But if you can still make money
when you're neutral to everything,
that's really powerful
because if someone looks at your portfolio,
they'd be like,
I wonder if you made money just because you got lucky on your sector bet.
Oh, you didn't have any sector bet.
You're neutral to sectors.
Oh, I wonder if you made money just because the yen crashed.
Nope, you had no yen exposure the entire time.
So if you had no exposure to any risks and you're still making money, that's the dream of the market-neutral hedge fund.
That's absolutely fascinating.
So let's talk about your results with this.

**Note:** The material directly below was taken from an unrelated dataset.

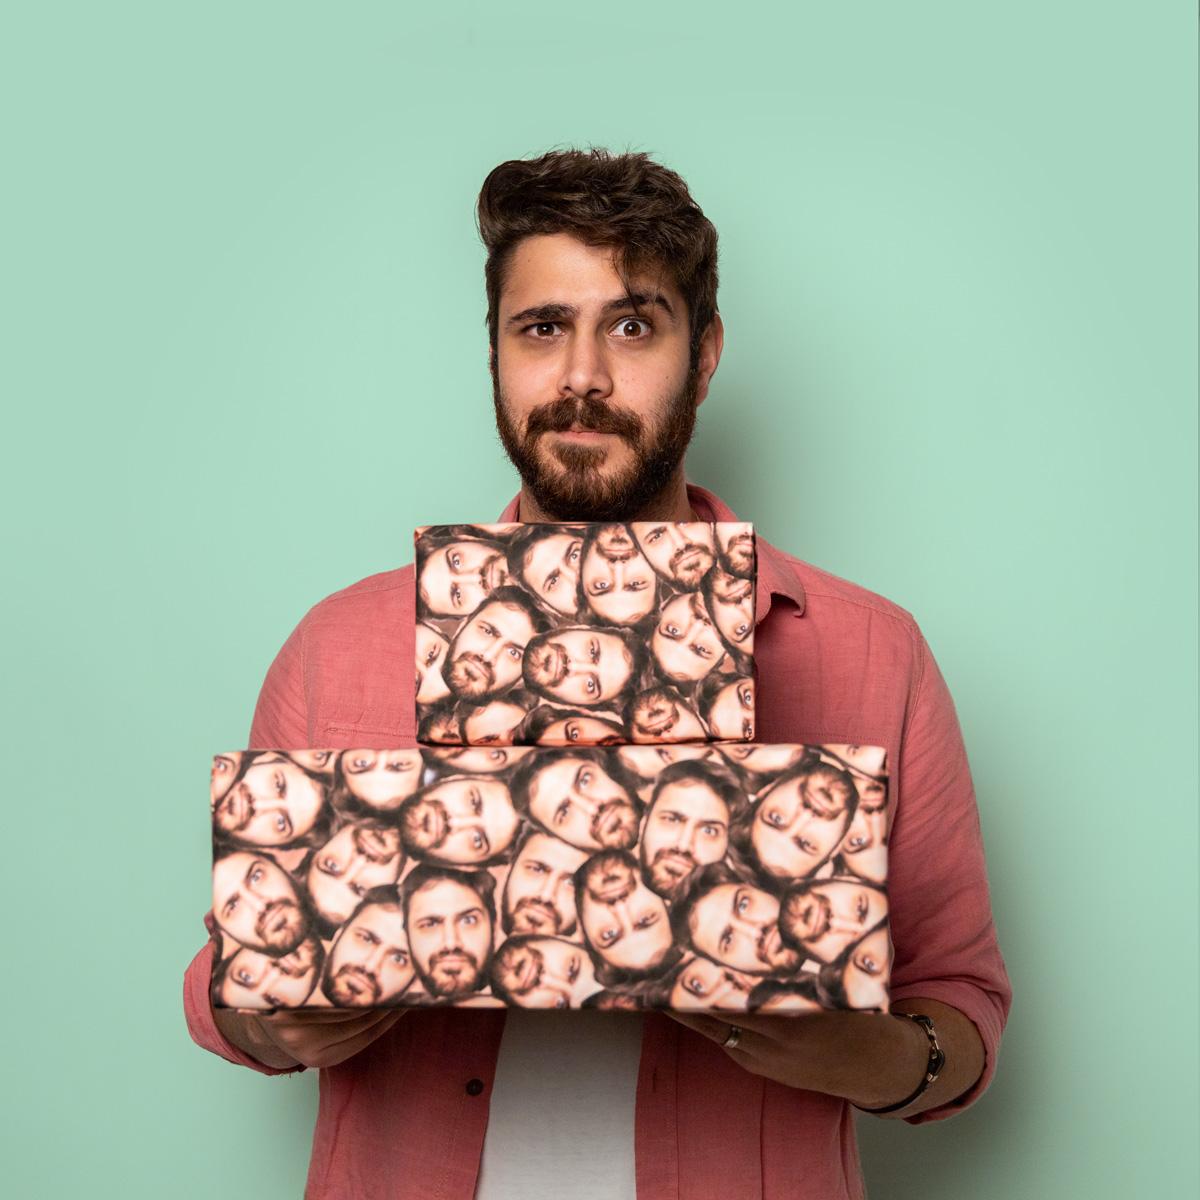 Weihnachtsgeschenke für Männer personalisierbares Geschenkpapier

So can you tell us how much assets under management you currently have?
Not really.
We can't really talk about the results.
So, yeah, we are a small fund.
The way we've done Numeri is completely different.
different to other hedge funds. We've raised venture capital for the company. And we've even sold
tokens, not in an ICO, but to talk professional investors, crypto funds. But usually hedge funds start
by raising a bunch of money into their fund. And there's a rule with the SEC. I think if you have over
150 million, you have to announce that to the SEC and you get regulated in a special way. So it's almost
been good for us to stay well below that while we were doing the sort of R&D.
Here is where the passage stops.